HOW TO COMPLETE THIS TASK: For the records below, please print exactly and only the lines from the one with "Vivint Monitored Smoke Alarm in New Haven" down to the one with "There is An", both ends included, omitting the pictures.

SOURCE DATA:
BEGIN
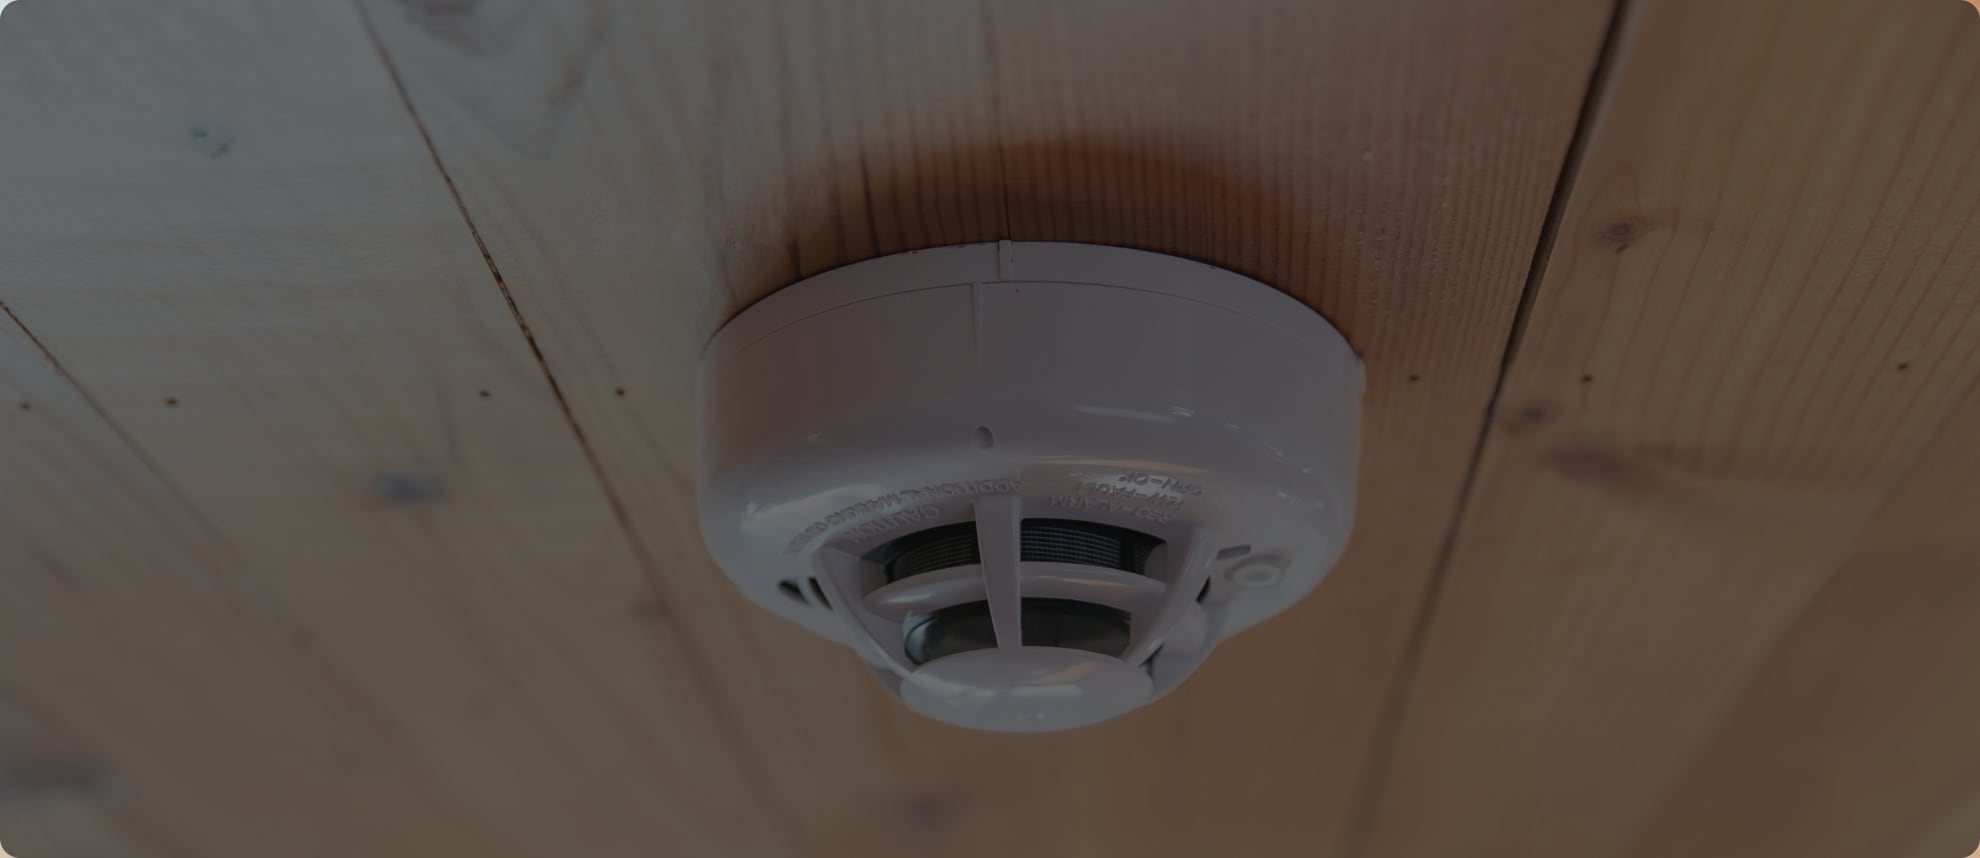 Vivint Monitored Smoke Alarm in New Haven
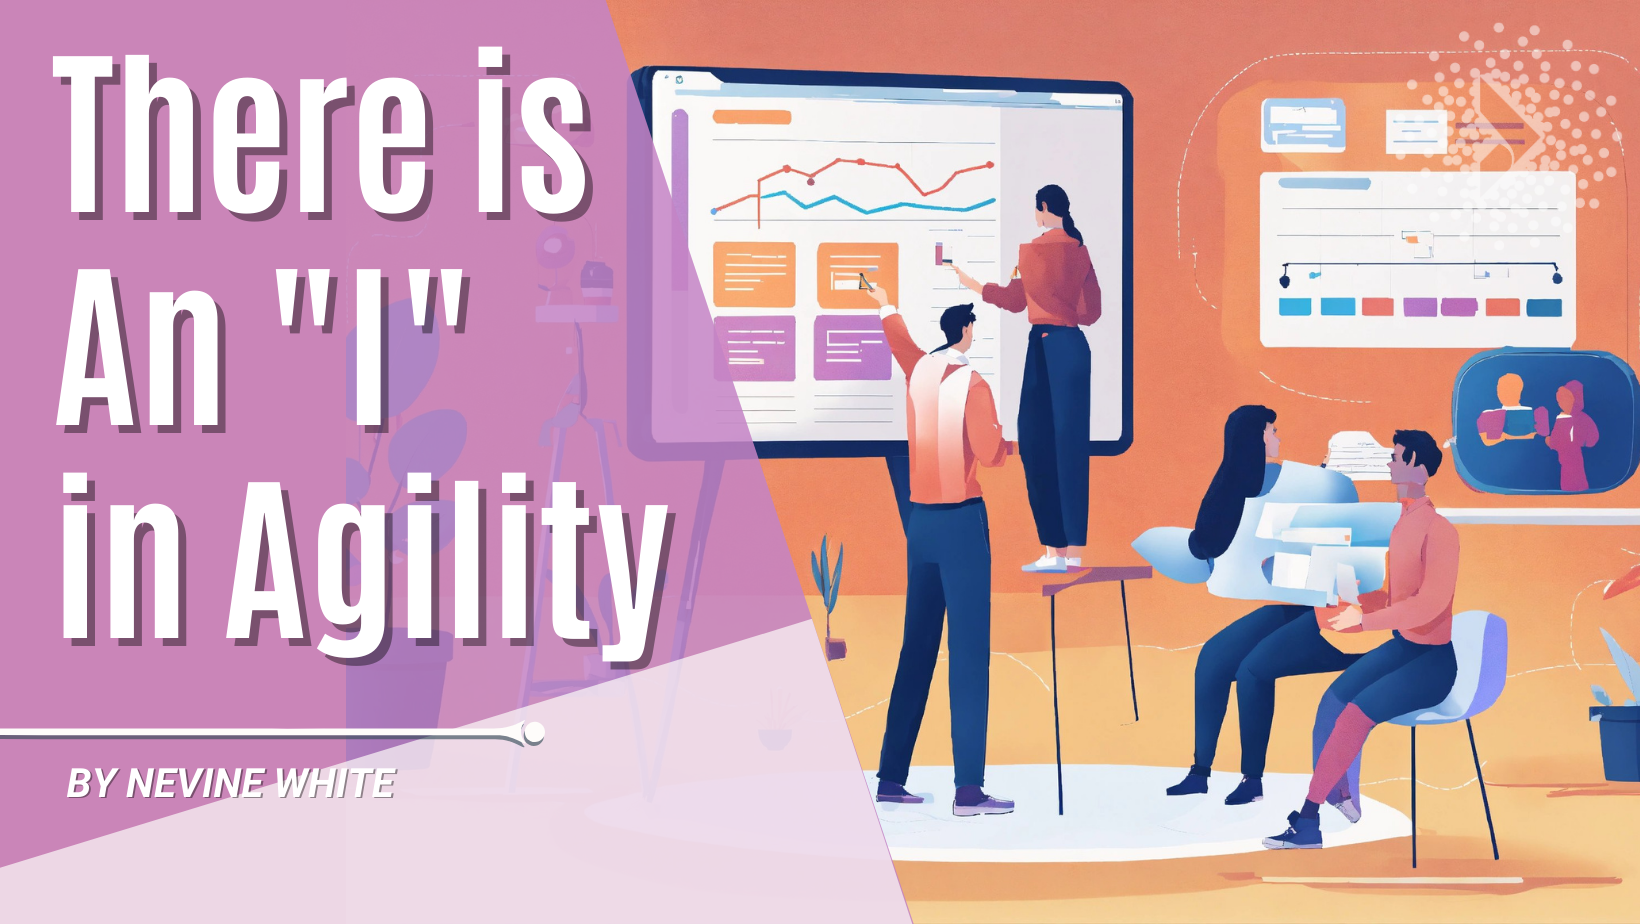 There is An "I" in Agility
END
BEGIN
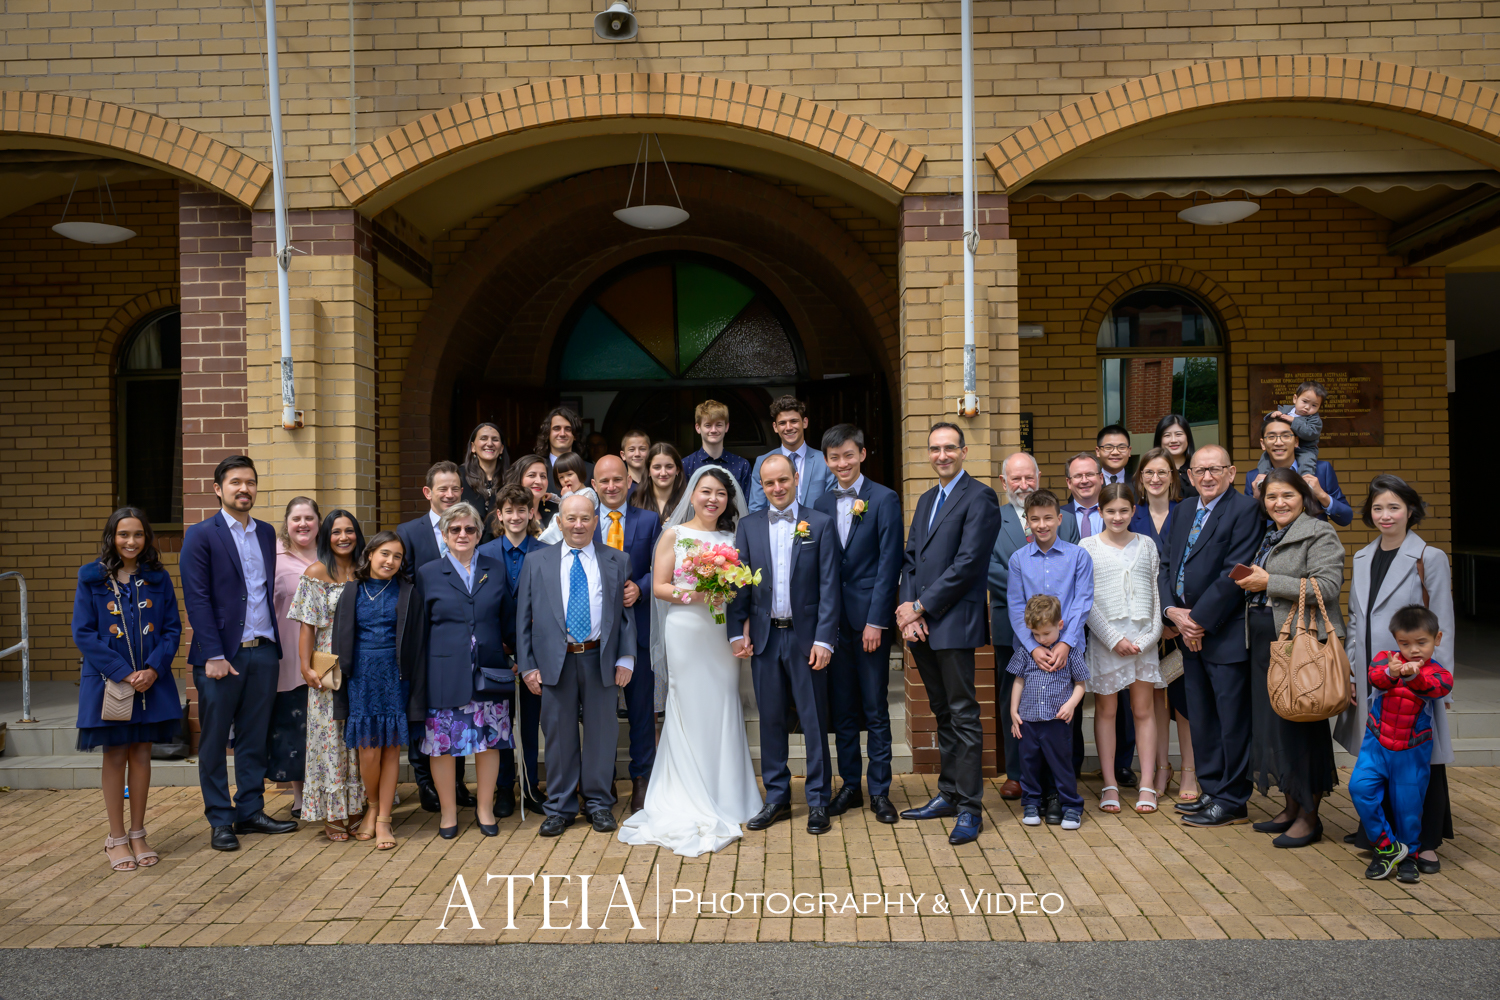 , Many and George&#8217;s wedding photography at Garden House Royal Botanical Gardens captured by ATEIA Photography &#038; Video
END
COMPLETED TASK:
 Vivint Monitored Smoke Alarm in New Haven
 There is An "I" in Agility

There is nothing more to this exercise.